▶ Work instructions
Return each line of the listing exactly, though without its images.

▶ Given information
• • • •
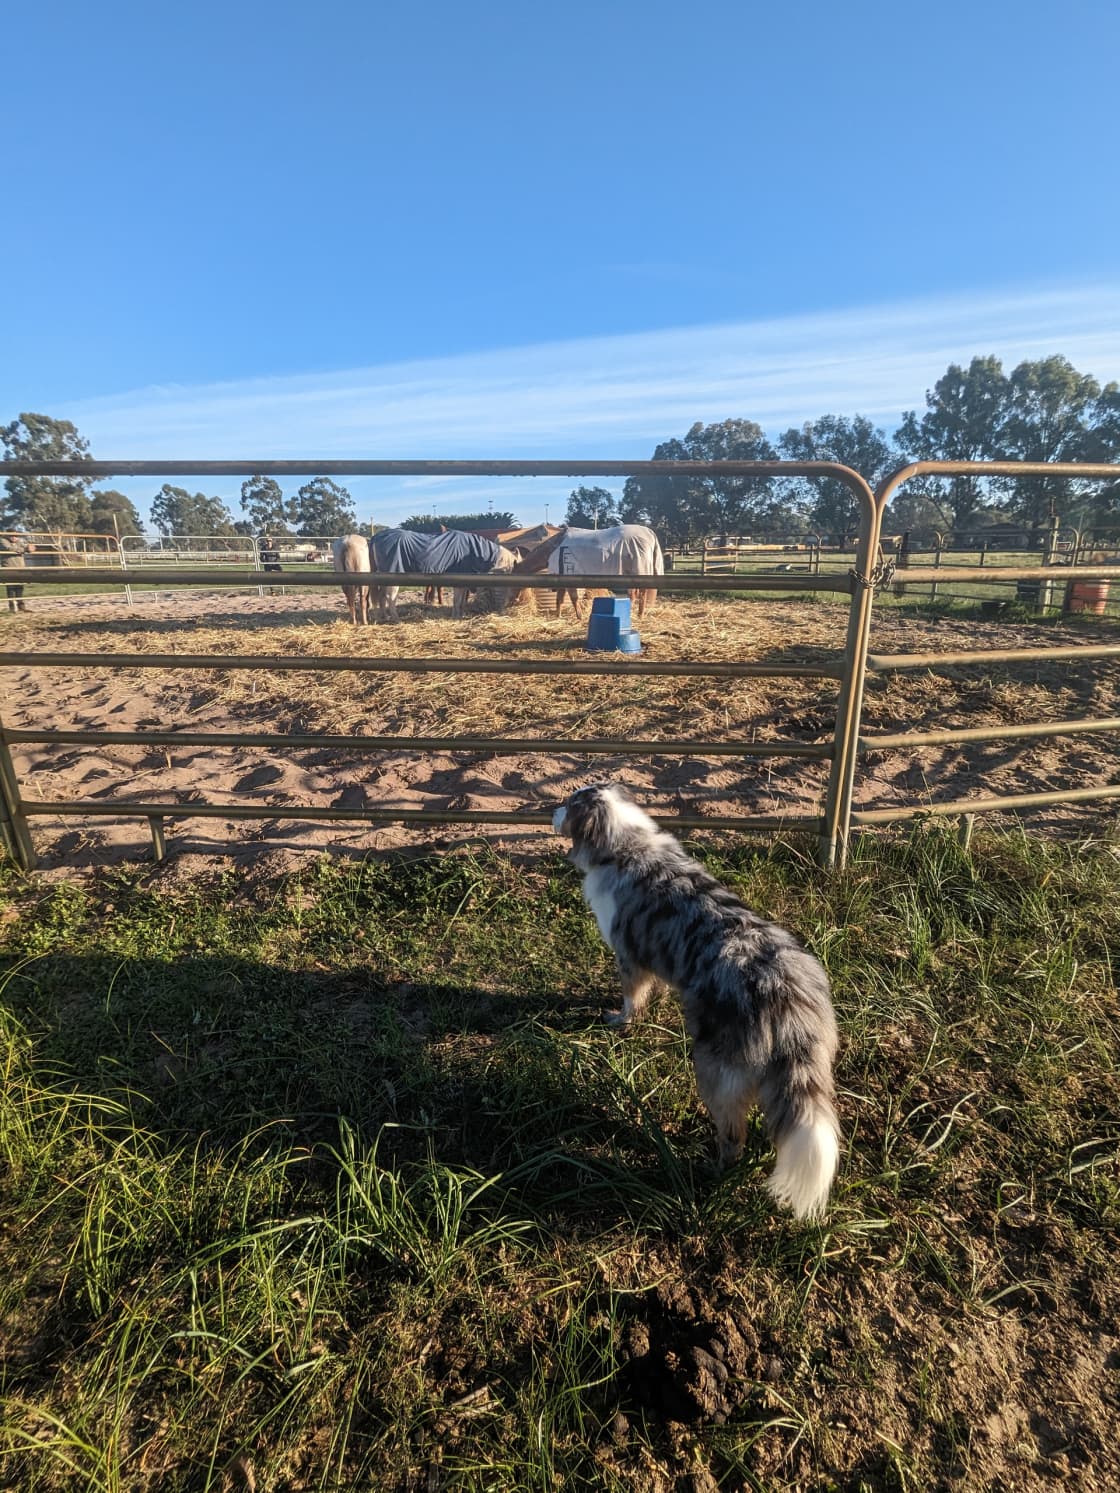 The dog checking out the horses feeding 
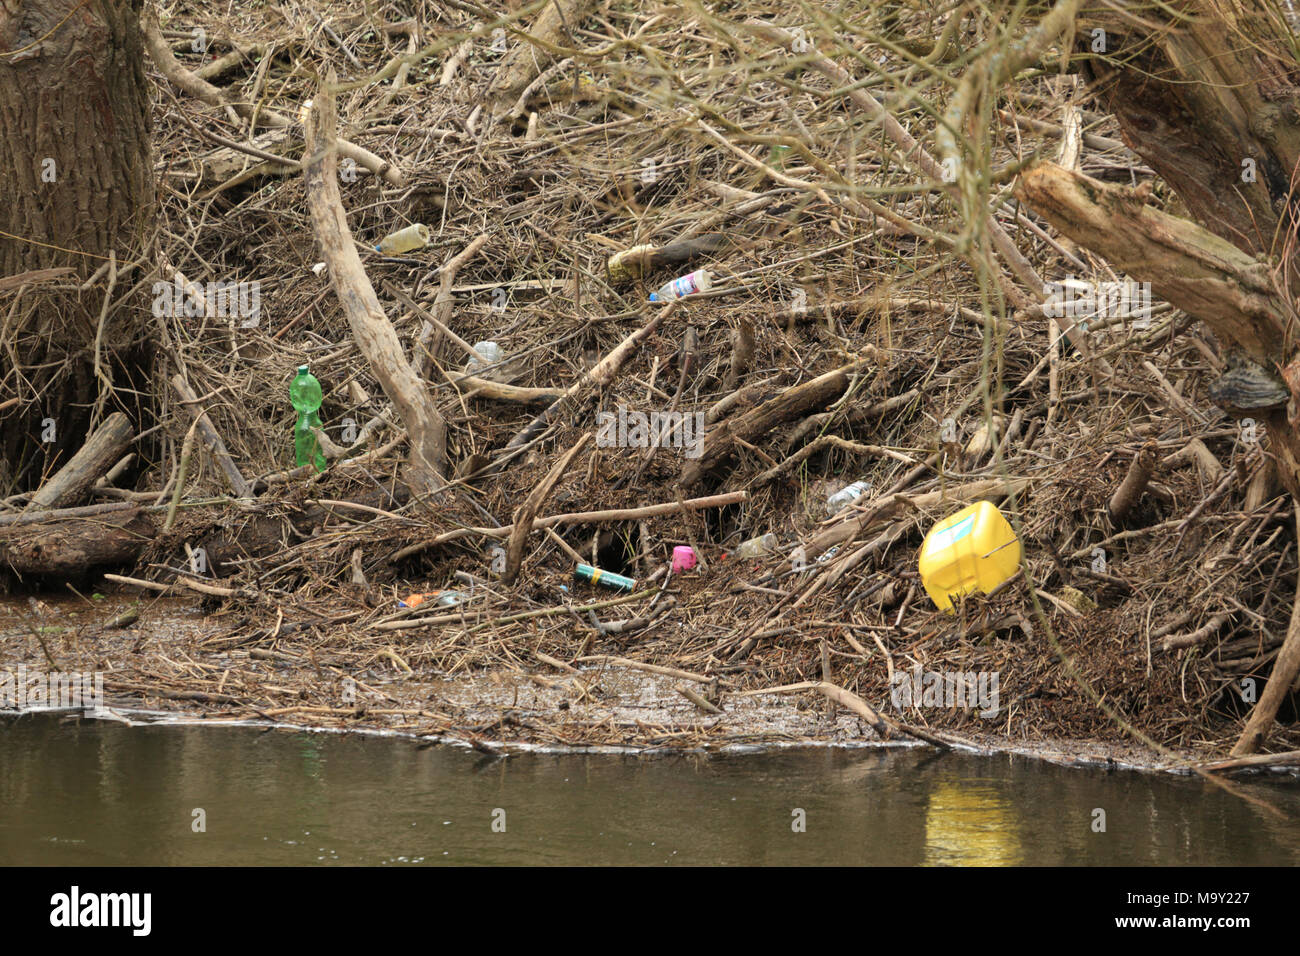 Plastic and other waste on the banks of the river Severn near Bewdley, Worcestershire, uk. Stock Photo
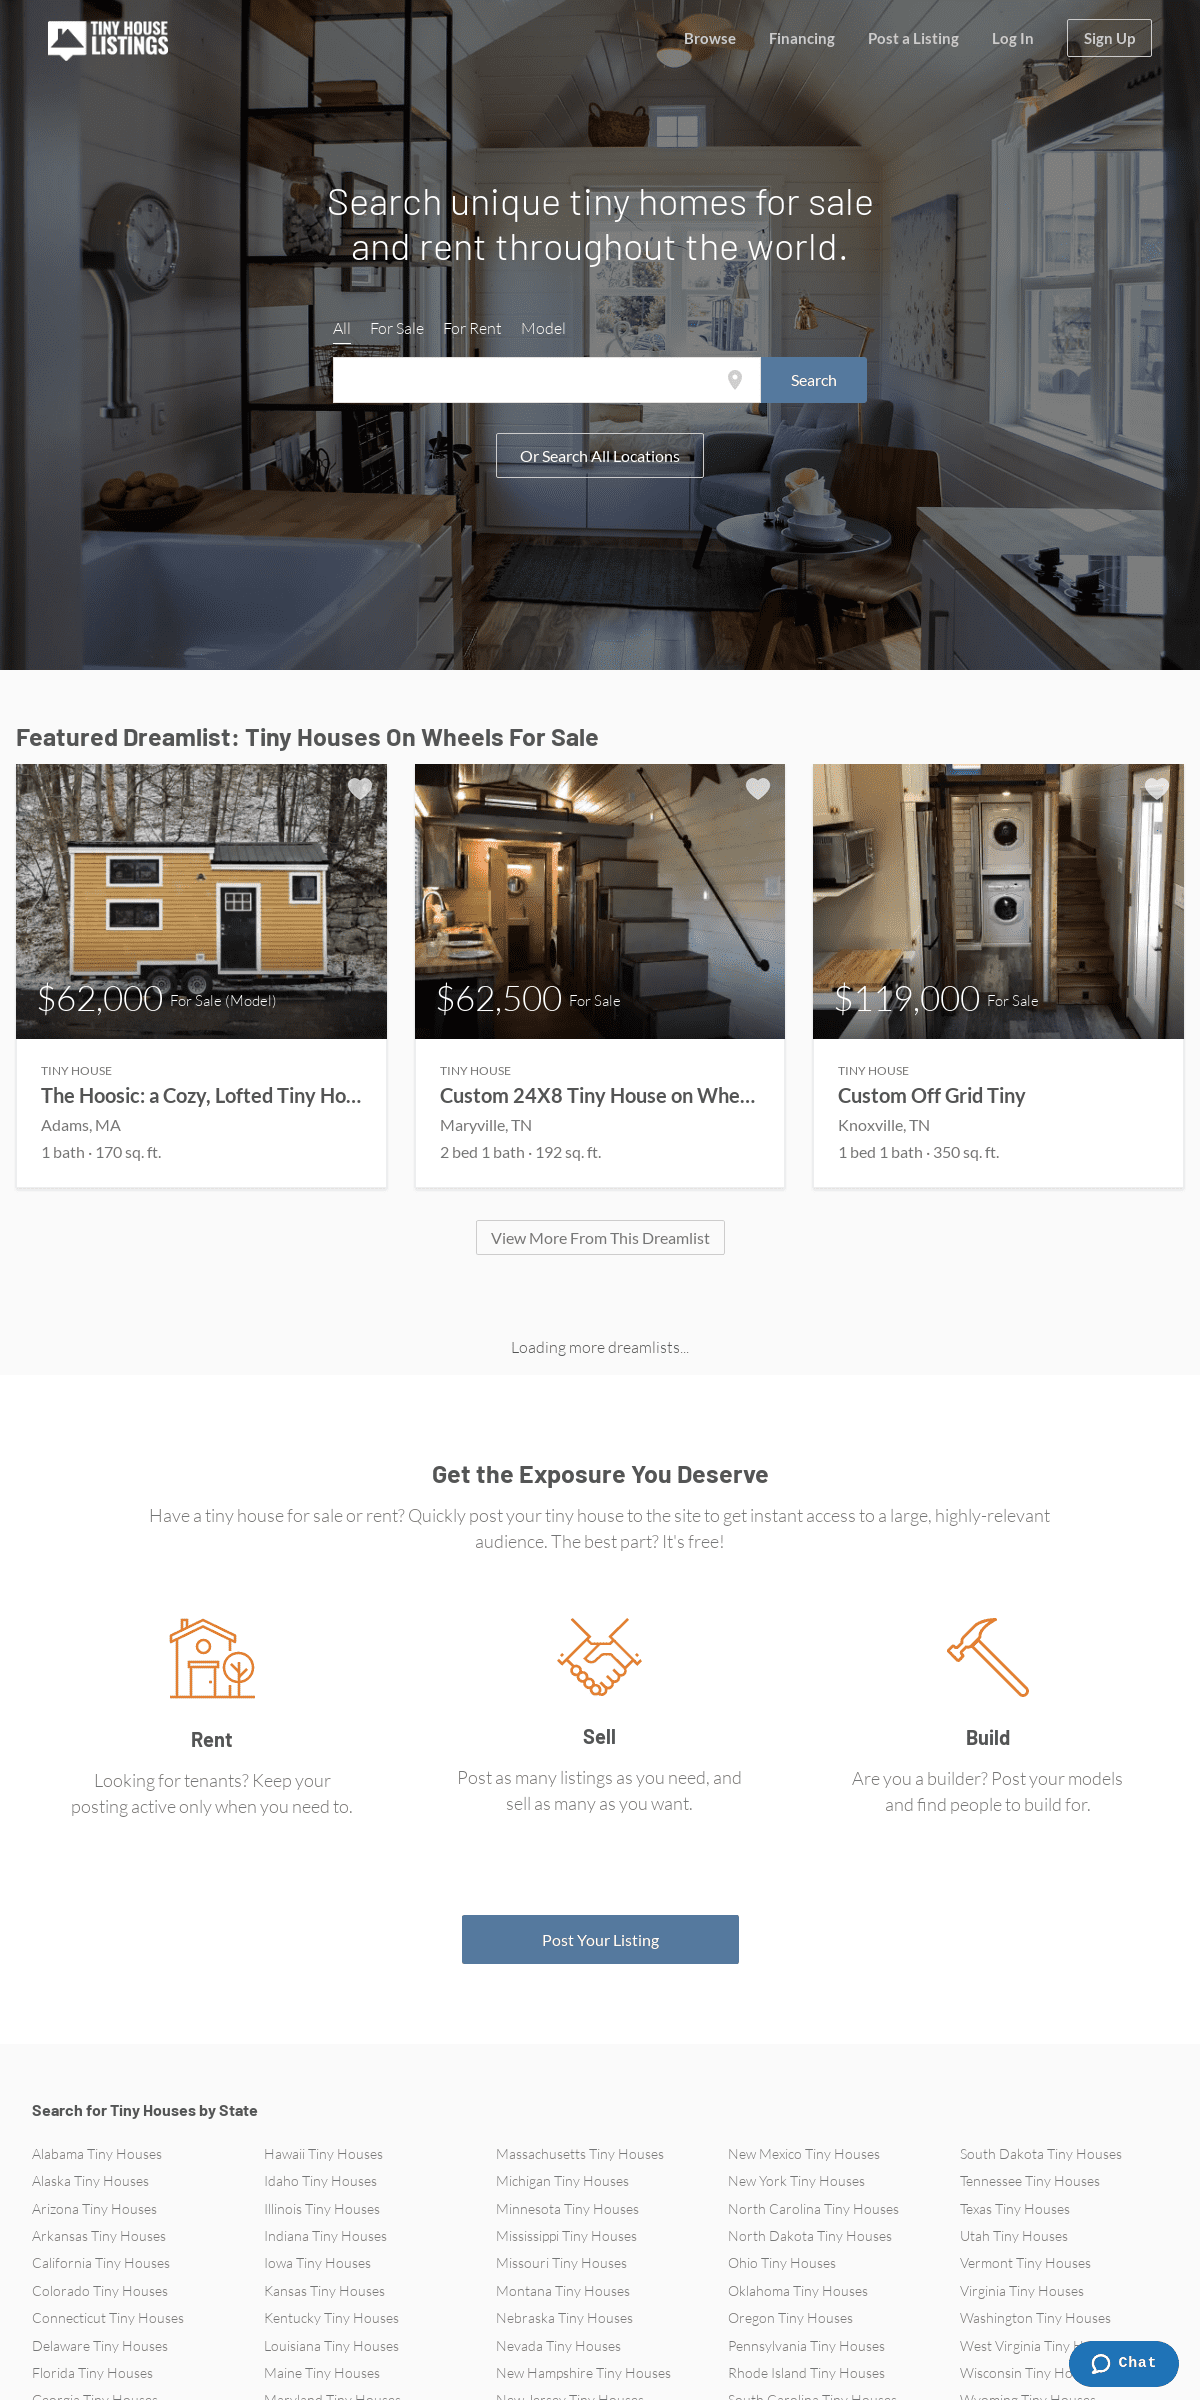 A complete backup of tinyhouselistings.com
• • • •
▶ Problem solution
 The dog checking out the horses feeding 
 Plastic and other waste on the banks of the river Severn near Bewdley, Worcestershire, uk. Stock Photo
 A complete backup of tinyhouselistings.com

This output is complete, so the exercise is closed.